El Popular tenía que caer para rescatar al Santander. Fue como asesinar a un hombre para quitarle el hígado y que se lo trasplantaran a una persona importante del país. Se le asesina, se le extrae el órgano y se envía al hospital. Da igual lo que el asesinado dejara detrás, su familia, sus seres queridos, sus compañeros de trabajo, sus amigos. Eso no era importante. Fundamental era salvar a esa otra persona porque era vital para el Estado.

El Santander es una entidad too big to fail (demasiado grande para dejarla caer) y los movimientos geopolíticos y macroeconómicos de puntos clave del planeta tenían o podrían tener efectos muy negativos sobre un banco fundamental para el Estado español y para el sector financiero europeo.

El Brexit tendría unos efectos muy serios en la cuenta de resultados del Santander. La evolución de la economía británica y la depreciación de la libra esterlina tras el voto favorable del pueblo británico a la salida de la Unión Europea está poniendo al Santander en una posición difícil. Y eso es muy preocupante tanto para la propia entidad como para las autoridades españolas y europeas. El Reino Unido ha desacelerado su economía y las previsiones más optimistas determinan que en 2017 será de un 1,2% cuando, antes del referéndum, se calculaba en por encima del 2%. Esta desaceleración afectará al Santander UK porque la demanda de crédito bajará. Según la consultora Merrill Lynch, la desaceleración del crecimiento económico británico incrementará la morosidad del negocio del Santander en Reino Unido, además de que producirá un desplome en los márgenes de beneficio e incrementará el volumen de pérdidas crediticias. A nivel del Grupo Santander, la división británica bajará su aportación por debajo de los 900 millones de euros. Todo lo anterior, sumado a la rebaja de las previsiones de rentabilidad al 8%, cuando antes del Brexit se encontraban en un 13%, ha hecho saltar las alarmas.

Lo mismo respecto a los resultados del negocio en Latinoamérica. Aquí el Santander ha tenido una reducción importante de sus beneficios debido, sobre todo, a la desaceleración de las economías sudamericanas y norteamericanas —sobre todo en Argentina, México, Brasil y Chile—, a los elevados índices de inflación y a la depreciación de las monedas locales respecto al euro, lo que provoca que la cuenta de resultados se resienta en miles de millones de euros. Hay que tener en cuenta que un 34% del negocio del Santander proviene de Latinoamérica y que en picos de pérdida el valor del grupo cántabro se haya llegado a un -30% en sus divisiones americanas supone un impacto importantísimo dentro de su cuenta de explotación.

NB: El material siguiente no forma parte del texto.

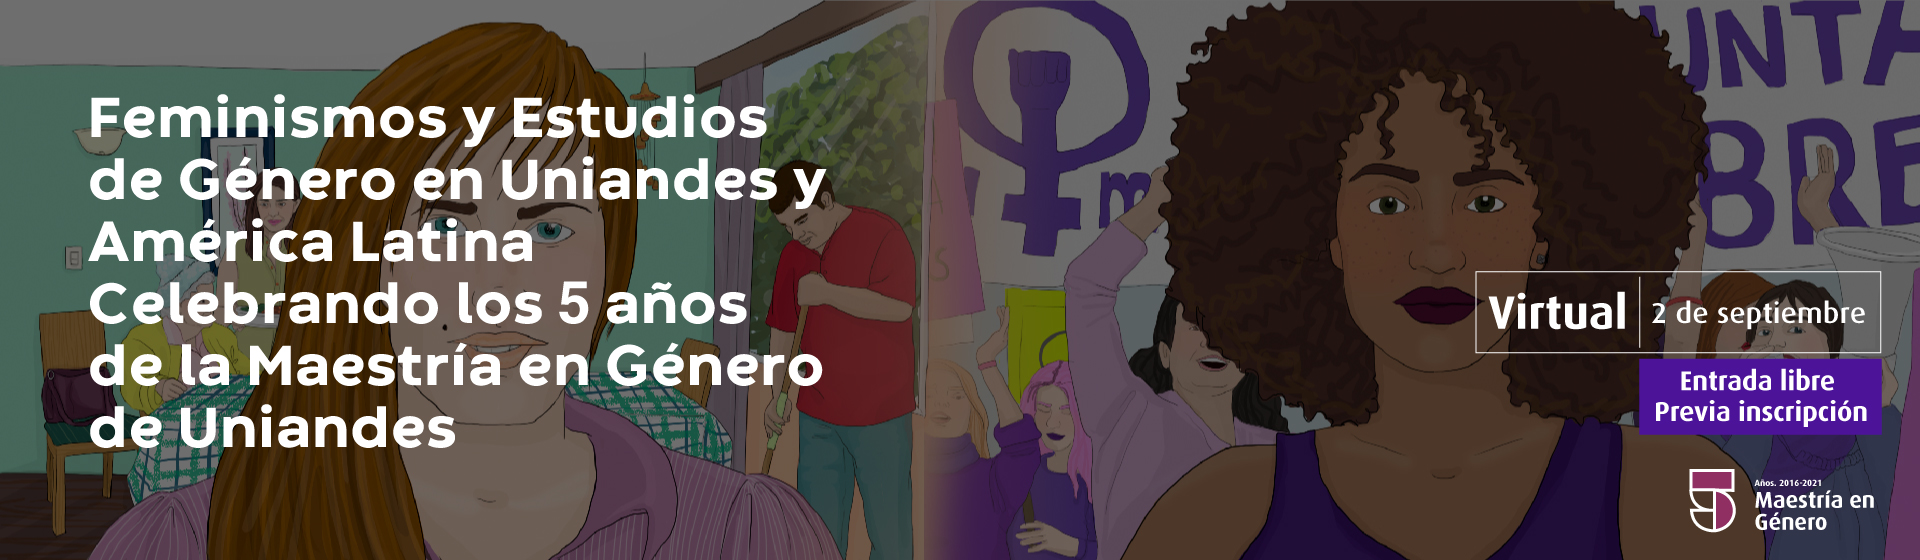 Feminismos y Estudios de Género en Uniandes y América Latina Celebrando los 5 años de la Maestría en Género de Uniandes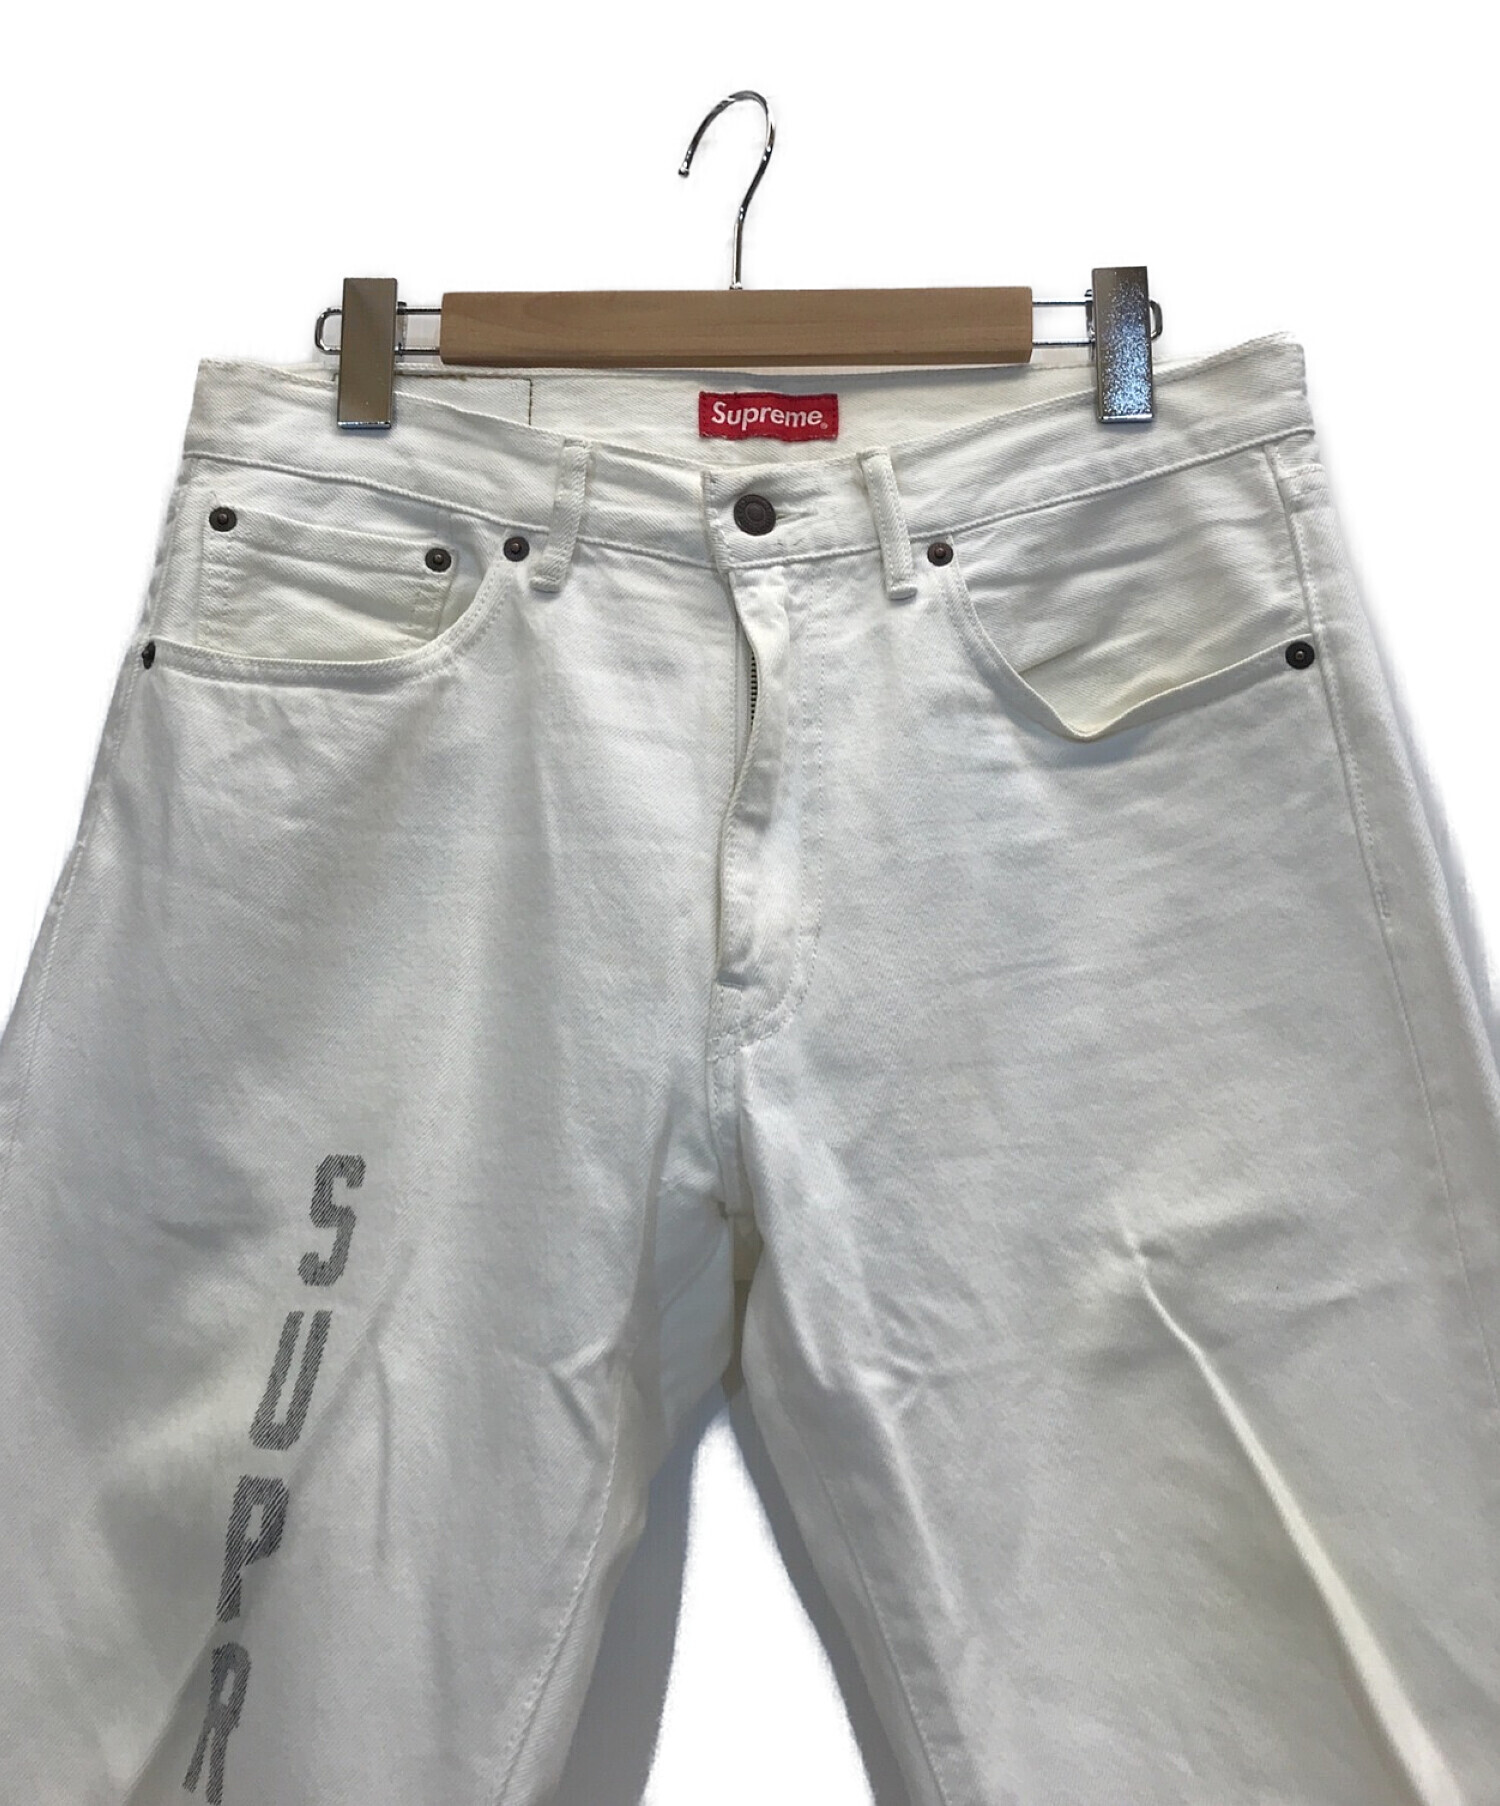 Supreme×LEVIS (シュプリーム×リーバイス) 17SS Washed 505 Jeans コラボウォッシュド505デニムパンツ ホワイト  サイズ:32

Respecto a España el negocio ha venido cayendo poco a poco, pero ha sufrido fuertes reveses como, por ejemplo, en el cuarto trimestre de 2015 cuando el beneficio neto del Santander cayó un 70%, o las tasas interanuales negativas en 2016 por encima del 30%. La caída no está siendo mayor por el descenso de las provisiones a las que se vieron obligadas todas las entidades a hacer frente tras la burbuja inmobiliaria y la proliferación de activos tóxicos. Además, el fracaso de productos estrellas como, por ejemplo, la “Cuenta 1|2|3” que ha tenido unos sobrecostes que, incluso, fue una de las causas del último ERE, según la propia entidad cántabra. A esto se añade la poca adaptación a las nuevas tecnologías y a la banca digital que, según denunciaron los propios trabajadores, provoca situaciones de colapso.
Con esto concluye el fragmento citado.